The factory bell eventually fell silent, its deep sonorities replaced by the shrill sound of the steam whistle. In the cotton factories of New England, established some fifteen to twenty-five years earlier, the great bell was a reflection of the avowedly religious aspiration of the factory founders as well as a useful means of mass communication. 2 But in Newburgh there was no technological explanation for the factory bell; unlike the water-powered cotton factories of New England, the Newburgh Steam Mills – as proclaimed by its corporate name – employed a new source of power: the steam whistle was available from the outset.

Why were the Newburgh Steam Mills equipped with an innovative and unproven power source? Indeed, why was there a cotton factory in Newburgh at all?

Newburgh Steam - Regal Bag
Newburgh Steam – Regal Bag (Photo Courtesy of Joe Santacroce)

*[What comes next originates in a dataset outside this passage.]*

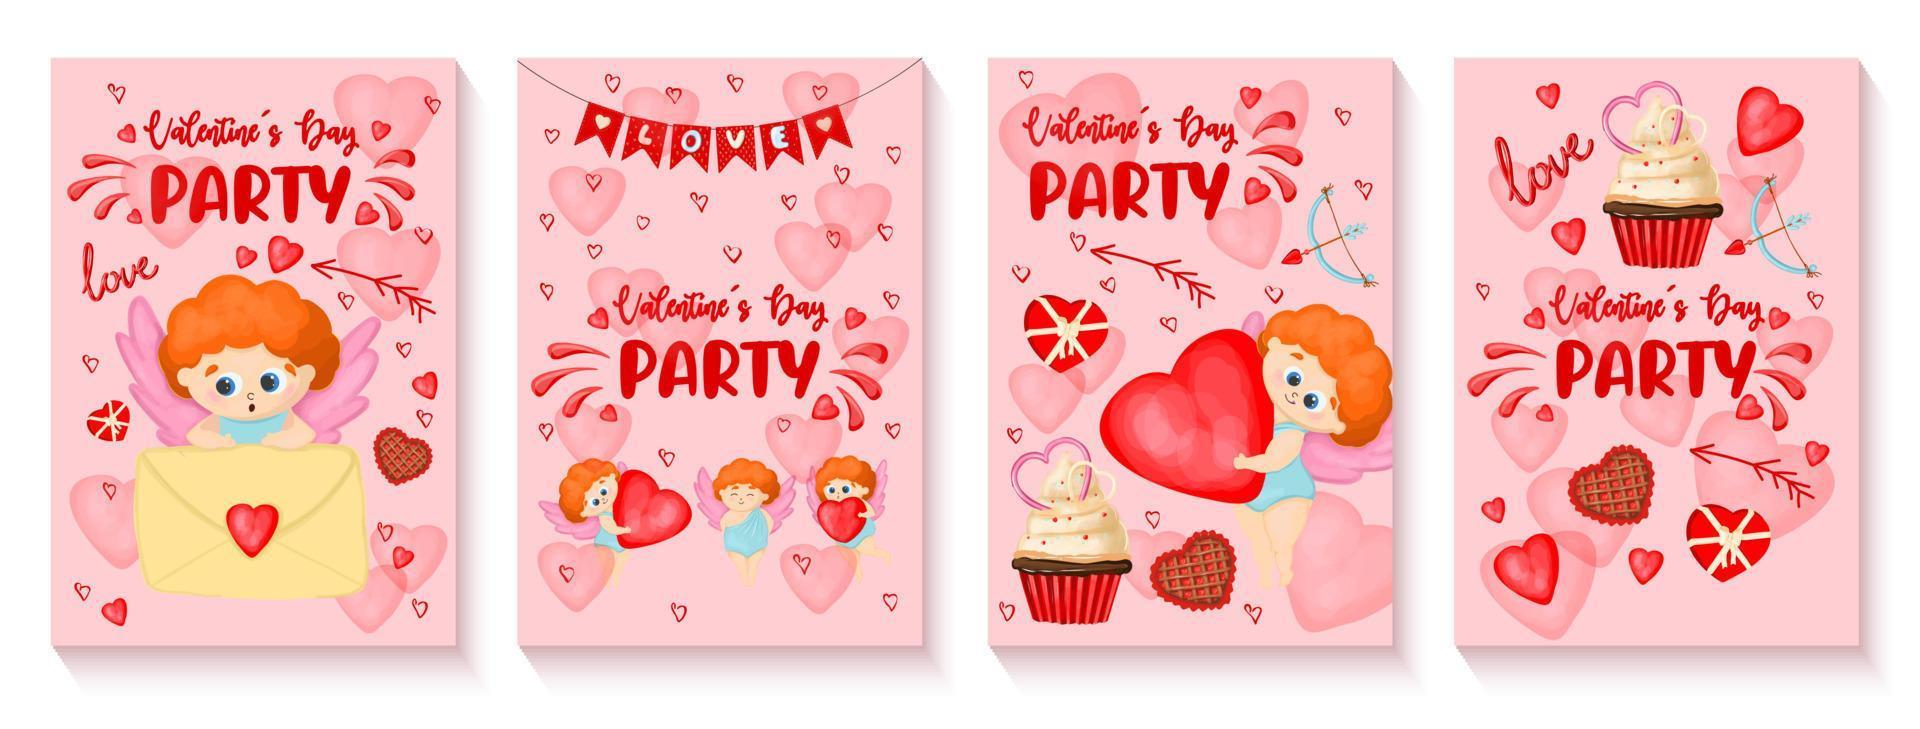 eine reihe von einladungsplakaten für die valentinstagsparty am 14. februar. süßer Amor lädt zu einer romantischen Party ein. Hochformat. vektor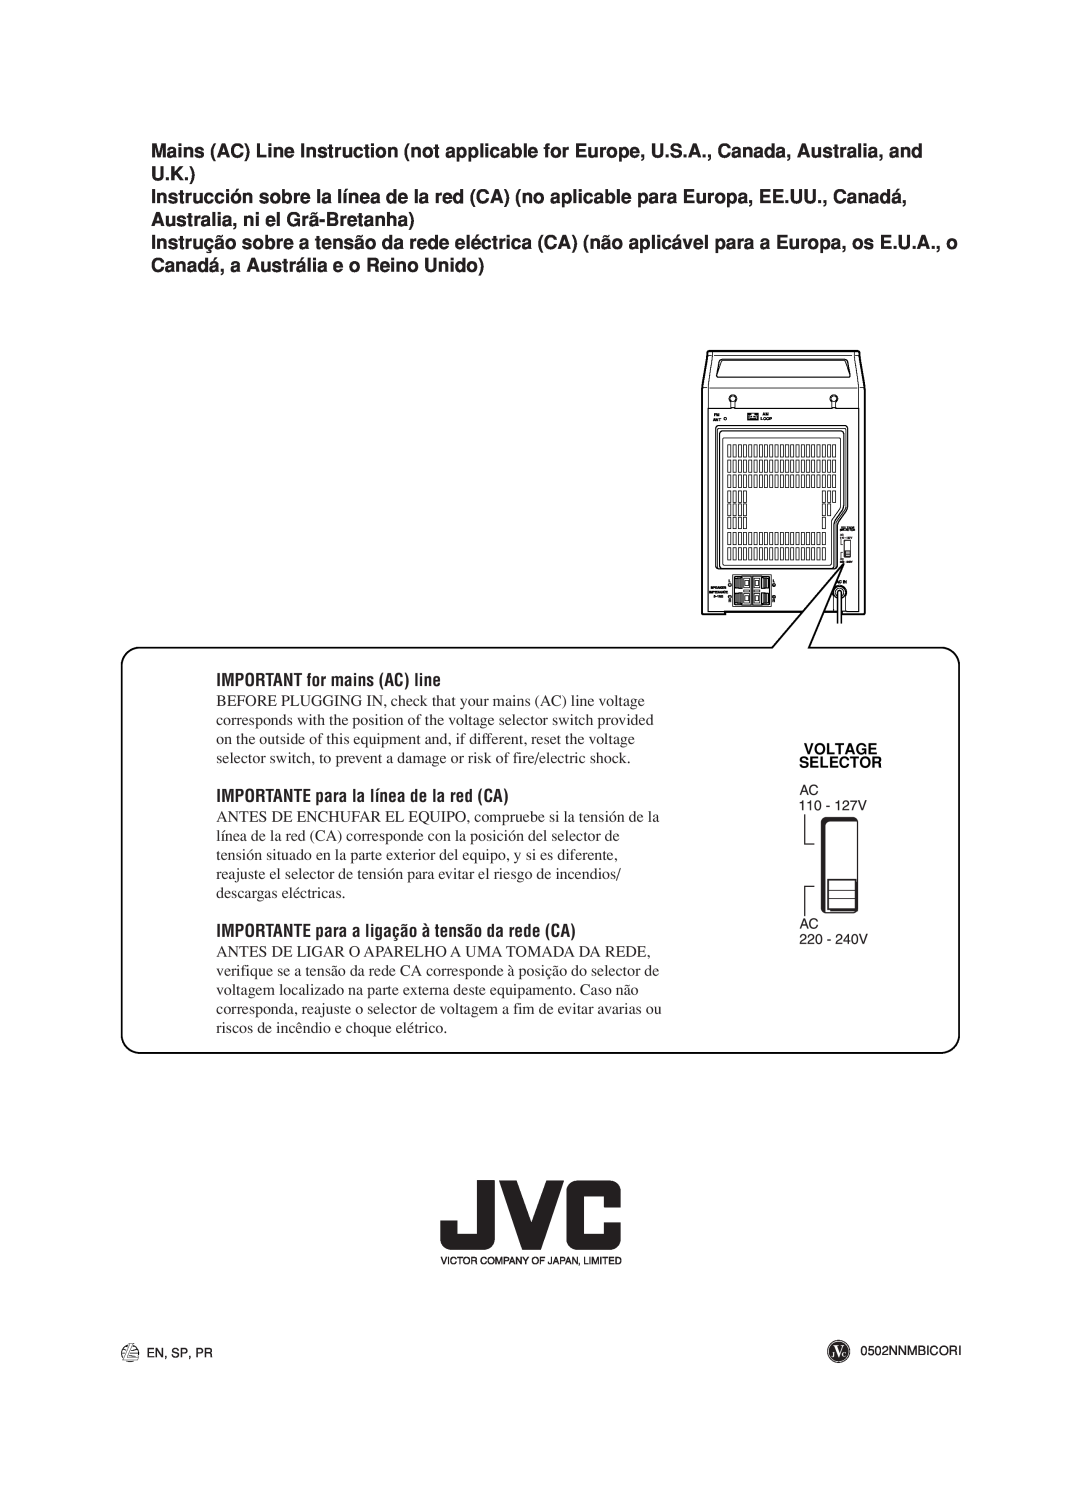 JVC UX-M5 manual IMPORTANT for mains AC line, IMPORTANTE para la línea de la red CA, Voltage Selector

It is impossible to give straightforward answers to these questions; the local newspapers and histories scarcely touched on the subject. But this much is known: Homer Ramsdell, Thomas Powell, Benjamin Carpenter, David Crawford, Christopher Reeve, and several other freighters invested a total of $100,000 to establish the Newburgh Steam Mills in the spring of 1844.3 In so doing Newburgh’s main forwarding merchants shed their mercantile vestments and donned those of the industrialist. They had learned the ritual from others, most notably the merchant princes of New England-Francis Lowell, Nathan Appleton, and Amos Lawrence-who had abandoned trans-Atlantic trade and had built scores of cotton textile factories throughout New England during the 1820s and 1830s. Confronted with a similar economic crisis, Newburgh’s freighters carefully repeated each detail of the ceremony: they patterned their corporate charter after the New England companies, they differentiated each floor of the factory by production function, and they copied the architecture of the earlier factories, including even the cupola and bell. Insofar as Newburgh’s freighters imitated the great merchants of New England, it is useful to review the rise of the cotton textile industry in that region to understand the motives of Newburgh’s freighters.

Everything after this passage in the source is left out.